Security Policy

Security Policy

This site is built with Jekyll and deployed via GitHub Pages. The goal is to keep the attack surface minimal and the content trustworthy.

Report a vulnerability

  • Preferred: Email security@nicolin-dora.ch (PGP: /assets/files/pgp_nicolin_dora.asc)
  • Alternative: Open a GitHub security advisory (private) on this repository.
  • Please include reproduction steps, impact, and scope. We aim to respond within 7 days.

Supported versions

This is a static site. We support the state of main. Historical builds are not maintained.

Hardening choices

  • Dependencies:
    • Use the github-pages gem to pin the GitHub‑vetted Jekyll and plugin set.
    • Dependabot enabled for Bundler and GitHub Actions.
  • Build Safety:
    • GitHub Actions CI builds the site and runs HTMLProofer checks (broken links, HTTPS enforcement, missing anchors).
    • CodeQL enabled for Ruby/JS code.
  • Content Security & Privacy:
    • CSP via <meta http-equiv> with tight defaults.
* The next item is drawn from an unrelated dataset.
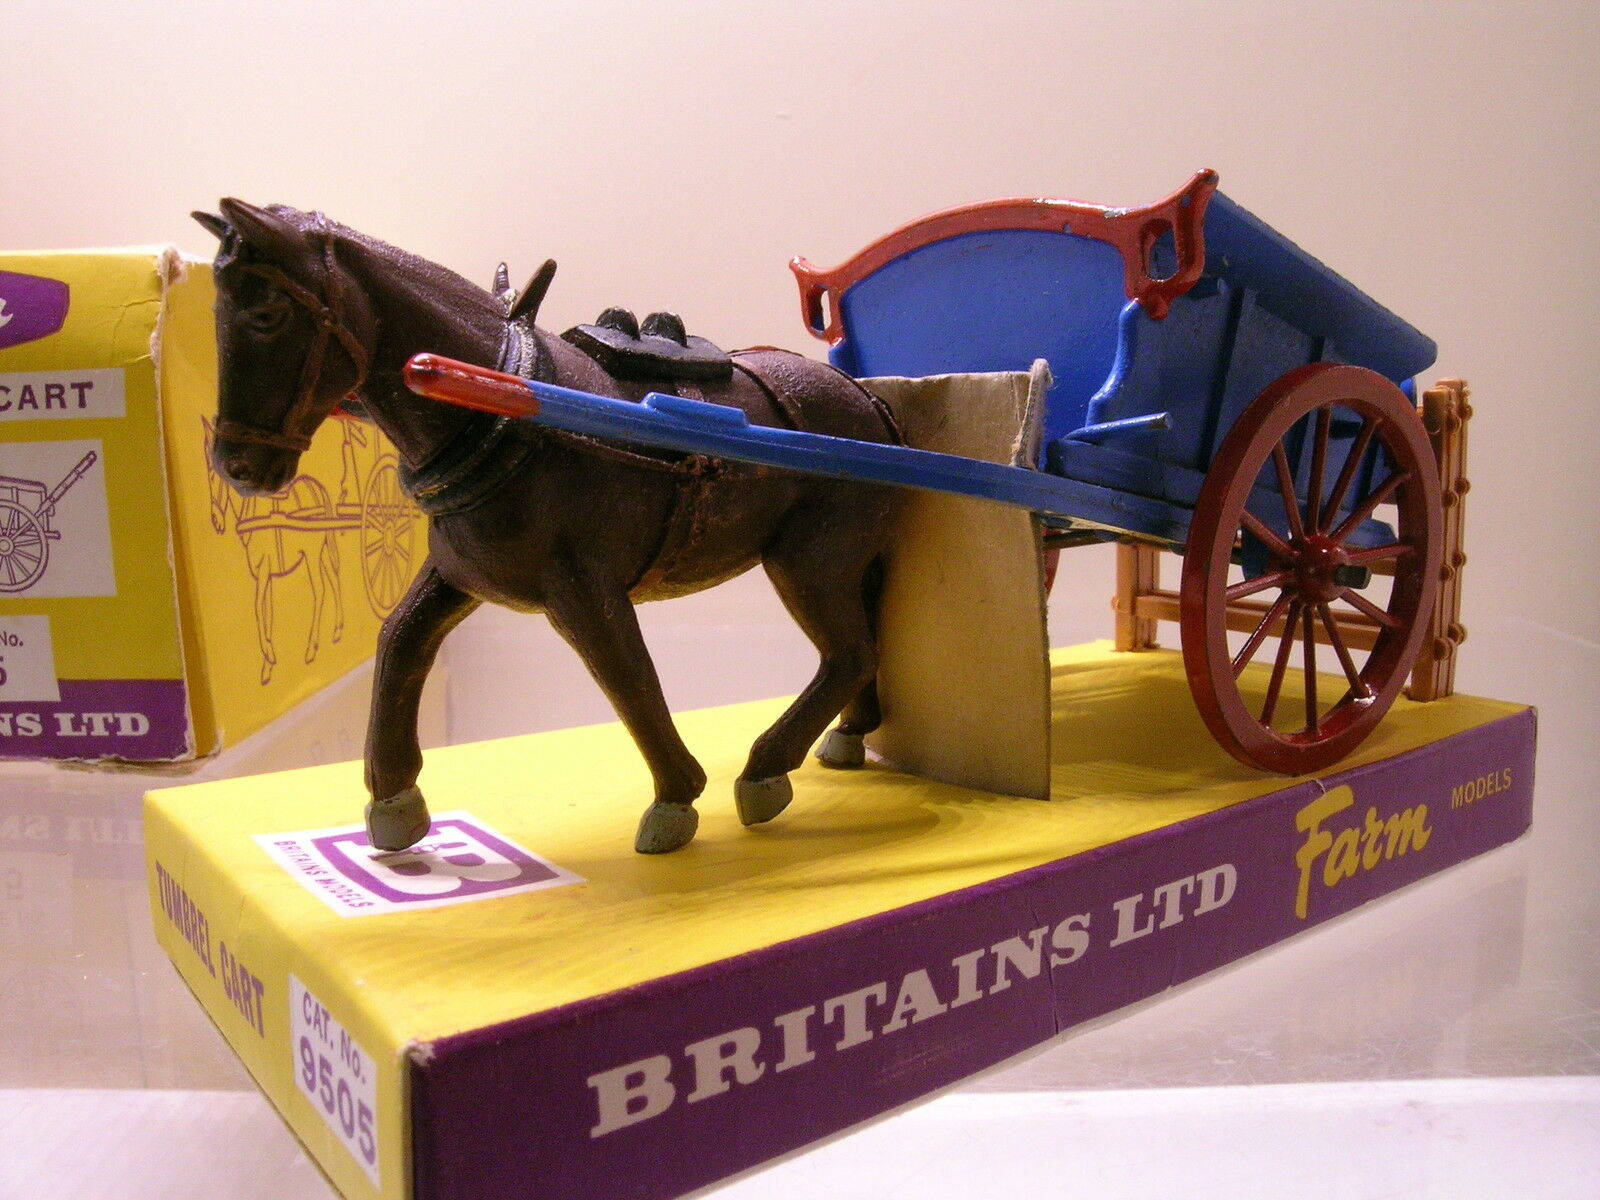 Country betriebsmodellen bespannten tumbrel wagen blau   rot   braun boxed 1  32

We only allow minimal external origins (GoatCounter analytics). Inline scripts are avoided; redirects use <meta http-equiv="refresh">.
    • External links use rel="noopener" (and noreferrer where appropriate) in templates.
    • Referrer policy: strict-origin-when-cross-origin.
    • Analytics: GoatCounter, production only, no cookies; respects DNT.
  • Disclosure:
    • /.well-known/security.txt points here.
  • Hygiene:
    • .gitignore prevents publishing build artifacts and environment files.

Operational guidance

  • Enforce HTTPS in the repository settings (GitHub Pages -> Enforce HTTPS).
  • Enable branch protection on main: require PR review, passing CI, and up‑to‑date with base.
  • Secrets: Secret scanning (GitHub Advanced Security) should be enabled; avoid secrets in this repo.

Going further (optional)

GitHub Pages does not support setting server headers. If you need strict headers (HSTS preload, server‑enforced CSP/Permissions‑Policy), consider a CDN like Cloudflare or a reverse proxy. Then set headers like:

  • Strict-Transport-Security: max-age=63072000; includeSubDomains; preload
  • Content-Security-Policy: (server‑side version of the meta tag)
  • Permissions-Policy: geolocation=(), camera=(), microphone=()

Document any allow‑listed domains and the reason in PRs.